4. Apply conjugate priors in Bayesian analysis and in particular the Poisson-gamma model.
If a prior distribution gives rise to a posterior distribution that's in the same family (maybe a different parameter), it's called a conjugate prior distribution. An example is the Poisson-Gamma model.
Setup:
Prior distribution \Theta \sim Gamma(\alpha,\beta'), with \beta' = 1/\theta where the \theta is the one in the appendix.

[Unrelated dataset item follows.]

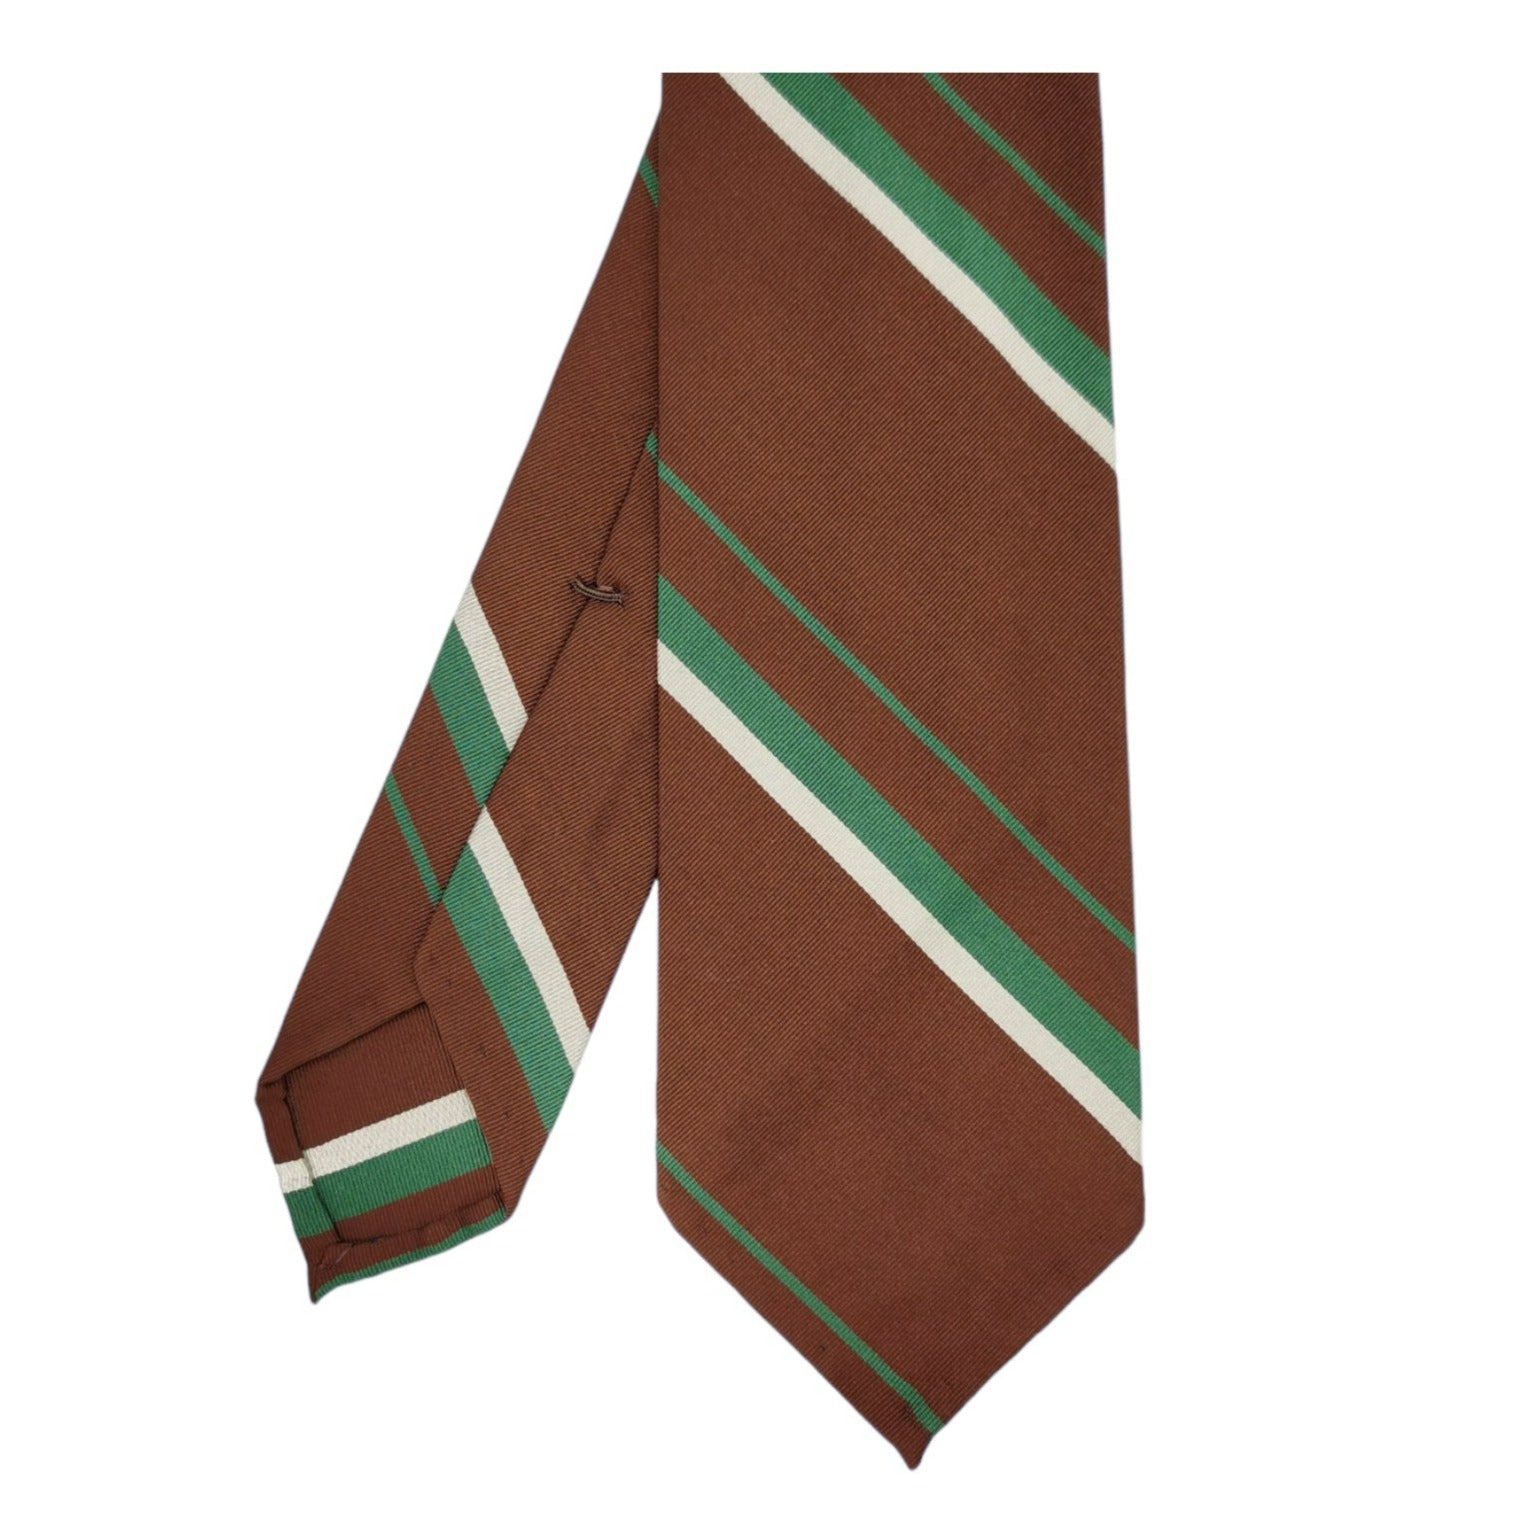 Anversa tie brown background white and green stripes

The observations X_j \sim Poisson(\Theta).
Then we can show that the posterior distribution is \sim Gamma(\alpha+ \sum_j x_j, \beta + n), so the expected value of the posterior distribution is
\frac{\alpha+\sum_j x_j}{\beta'+n}.
In the situation I.a., this is (\alpha + # of claims over n years) divided by (\beta' + # of n years that we've been observing).
5. Apply empirical Bayesian methods in the nonparametric and semiparametric cases.
In practice, we might not have a given pdfs for \pi and f_{X_j}'s, so we'd have to estimate those. Two kinds of situations:
a) Nonparametric: where \pi and f_{X_j}'s are unspecified- like in Buhlmann models where only the first two moments are needed.
b) Semiparametric: where
f_{X_j}'s are in parametric form, but not
\pi.
a) Nonparametric estimation: Goal is to estiimate \mu, v, a based on observations.
steps:
1) Observations are given for r policy holders. The losses of each policy holder are described by \vec{X}_{i}=X_{i,1}, \cdots, X_{i,n_i}, for i = 1,\ldots, r. Suppose for simplicity that all n_is are the same and equal n.
2) Then the old quantity \mu(\theta) can be estimated by \overline(X)_i = 1/n \sum_{j=1}^n X_{i,j}.
3) Then \mu can be estimated by \mu = 1/r \sum_{i=1}^r \overline{X}_{i}.
4) Also v(\theta) can be estimated by v_i = 1/(n-1) sum_{j=1}^n \left(X_{i,j}-\overline{X}_i \right)^2.
5) So v is estimated by v = 1/r \sum_{i=1}^r v_{i}.
6) For a, we first estimate Var(\overline{X}_i) by 1/(r-1) sum_{i=1}^r \left(X_{i}-\mu \right)^2.
7) Then note that
Var(\overline{X}_i) = Var(E(\overline{X}_i)|\Theta) + E(Var(\overline{X}_i|\Theta)) = \cdots = a + \frac{v}{n},
so that a=Var(\overline{X}_i)-v/n.
8) Then k=v/a, Z = n/(n+k), and the credibility premium is Z\overline{X}_i + (1-Z)\mu, for each policy holder i = 1, \ldots, r. All these quantities are estimates.